In Myanmar Buddhism, she was born numinously under a mango tree without birth by human. So, she is called by Amrapali (mean the mango tree born lady).

Amrapali was born around 600-500 BCE, to Mahanama & an unknown mother. Etymologically, the variants on her name derive from a combination of two Sanskrit words: amra, meaning mango, and pallawa, meaning young leaves or sprouts. It is said that she was spontaneously born at the foot of a mango tree in one of the royal gardens in Vaishali — hence her name.

Even as a young maiden, Amrapali was exceptionally beautiful and ethereal. It is said that a feudal lord by the name of Mahanaman was so enchanted by the young Amrapali's beauty that she abandoned his kingdom and moved to Ambara village, a small hamlet in Vaishali presently in Muzaffarpur.

== As a courtesan ==
Vaishali was the capital city of the Licchavi tribe, one of the eight Khattiya (Sanskrit Kshatriya) clans that had united to form the Vajjian confederacy. The king was elected by an electoral college consisting of princes and nobles from the Kshatriya clans. It was customary that the most beautiful women in the land, rather than marrying one man, dedicated themselves to the pleasure of many.
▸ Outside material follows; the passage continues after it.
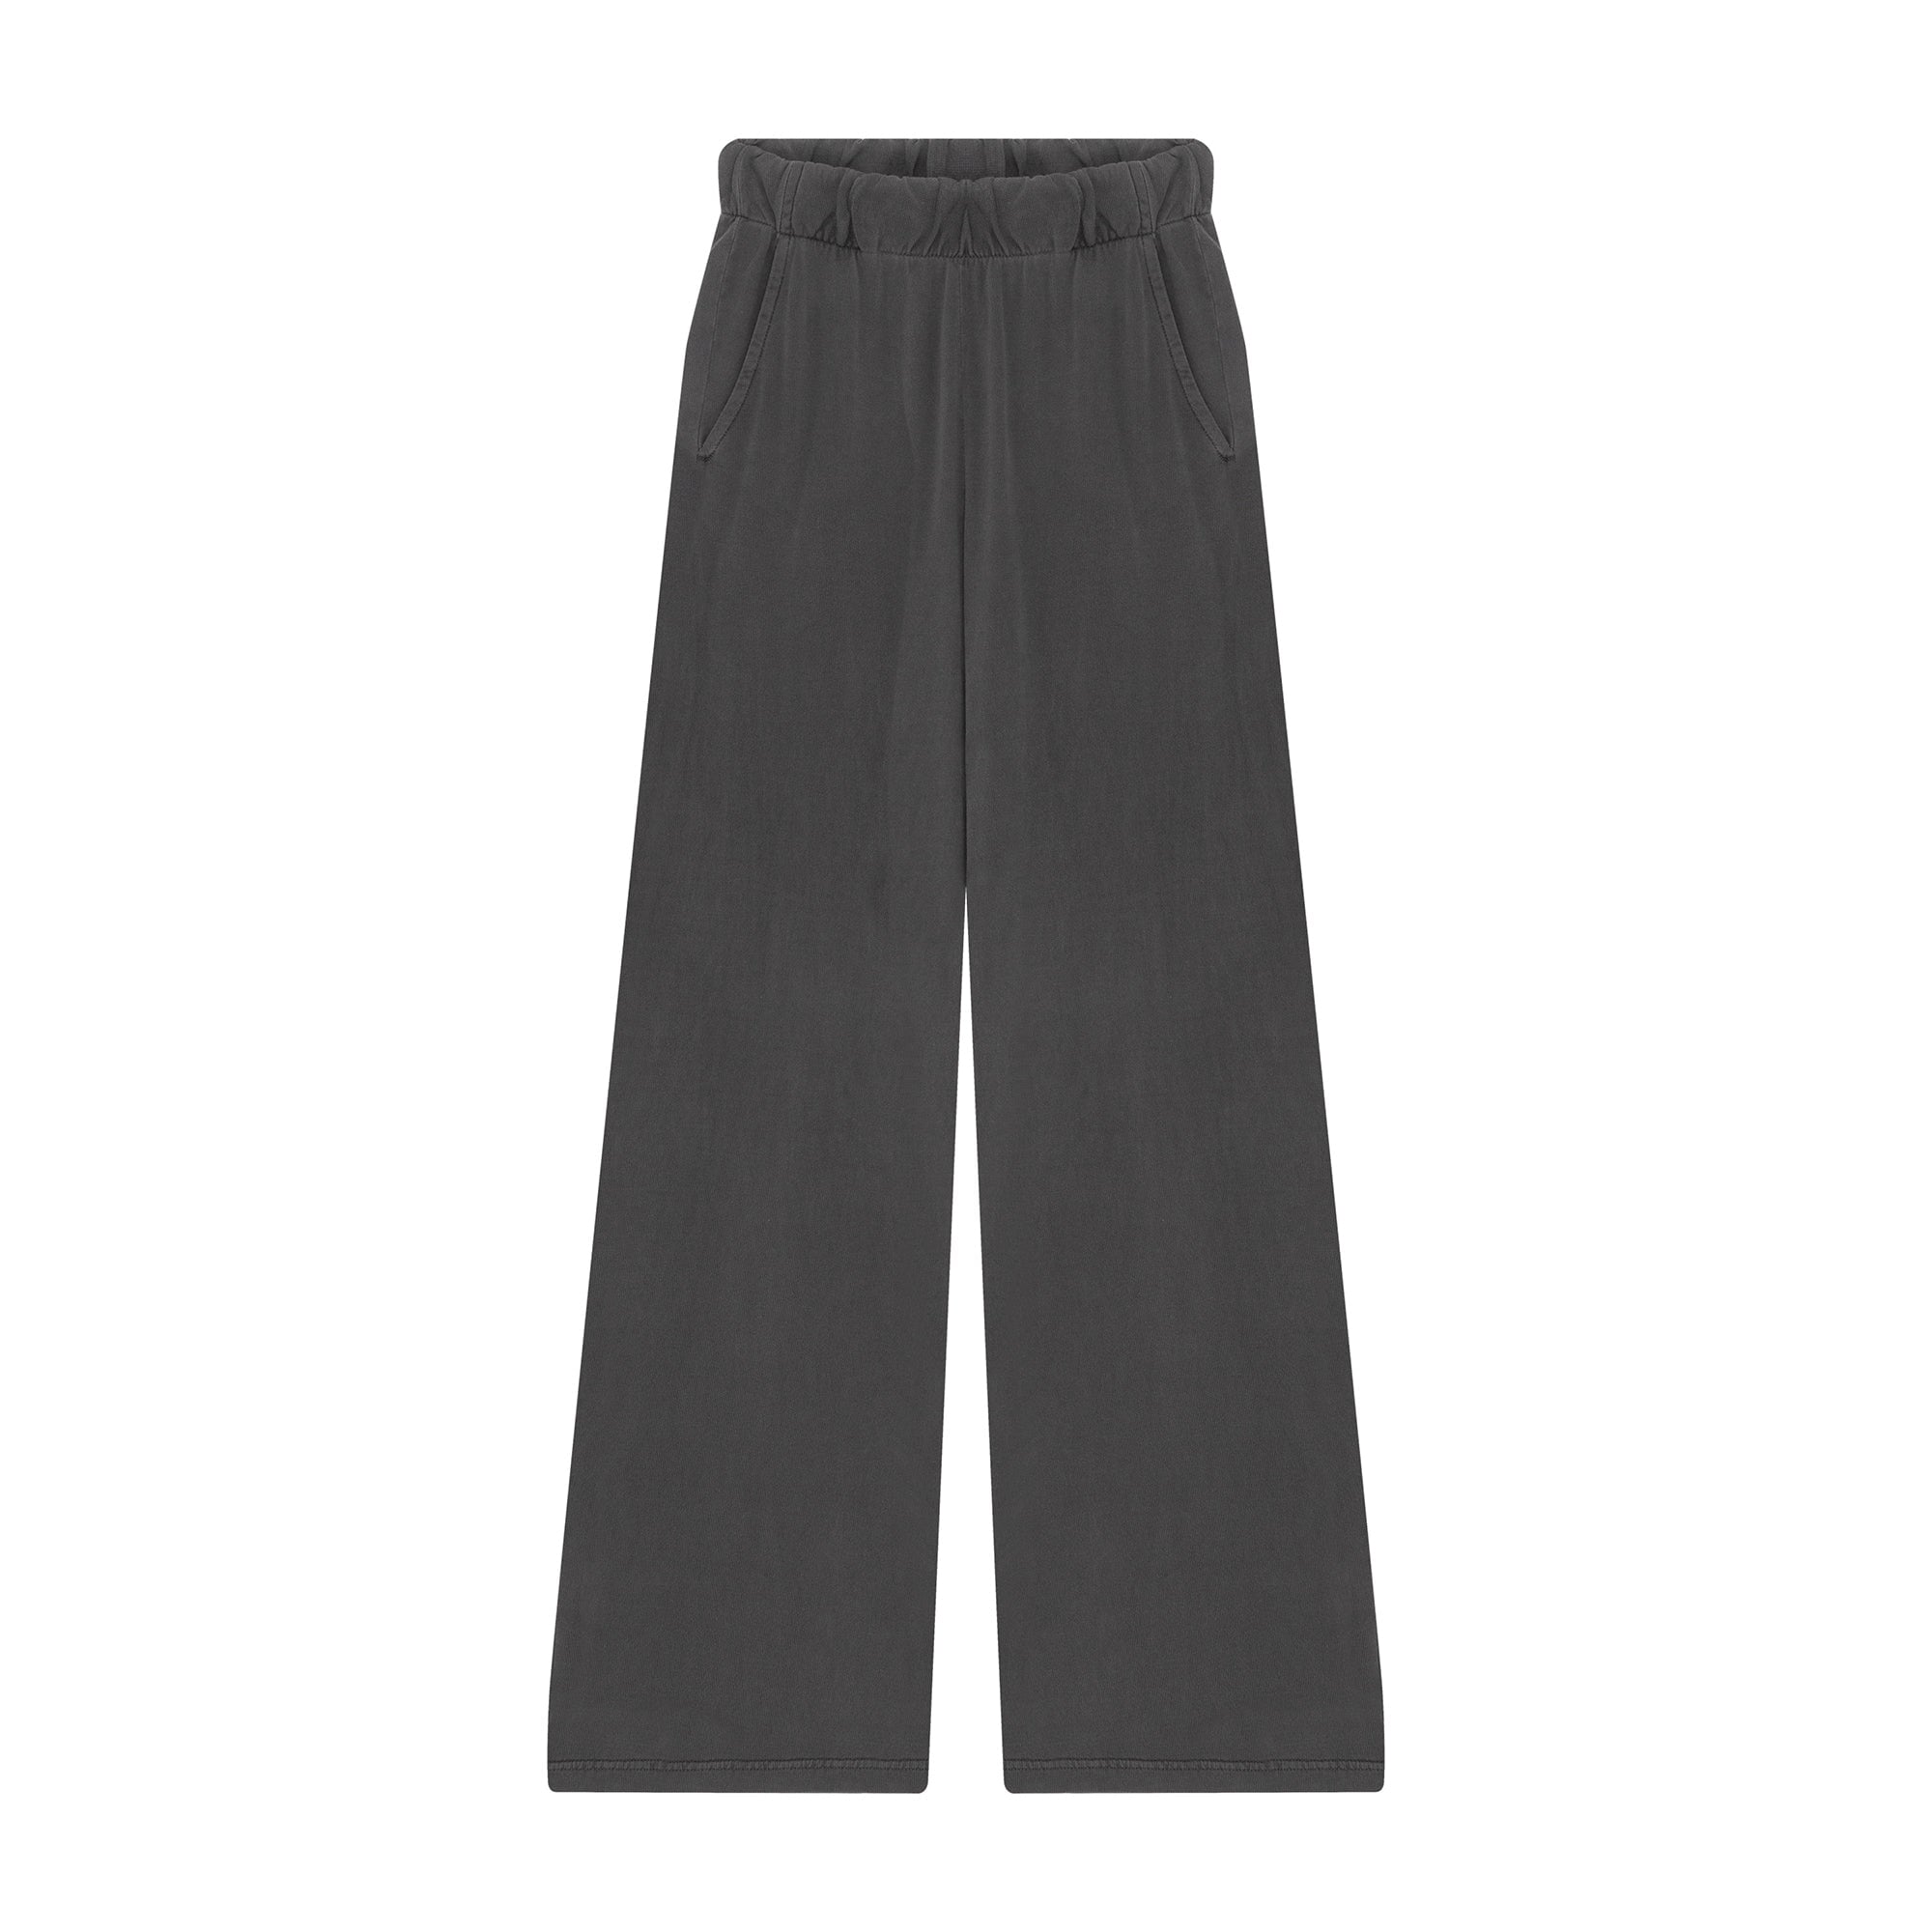 Women's Lounge Pants | Green | Fits Waist Size 28

Amrapali grew up to be a lady of extraordinary charm and grace, and was talented in many art forms. Many young nobles desired her company. When Manudev, king of Vaishali, saw Amrapali perform a dance in the city, he plotted to "own" her. He murdered Amrapali's childhood love and would-be-groom, Pushpakumar, on the day of their wedding, and afterwards made an official announcement declaring Amrapali as the 'bride' of Vaishali — i.e. the Nagarvadhu. She was also bestowed with the title of Vaishali Janpad Kalayani, given to the most beautiful and talented girl of the kingdom for a period of seven years. Amrapali had the right to choose her lovers, but according to the aforementioned custom, she could not be committed to any one man.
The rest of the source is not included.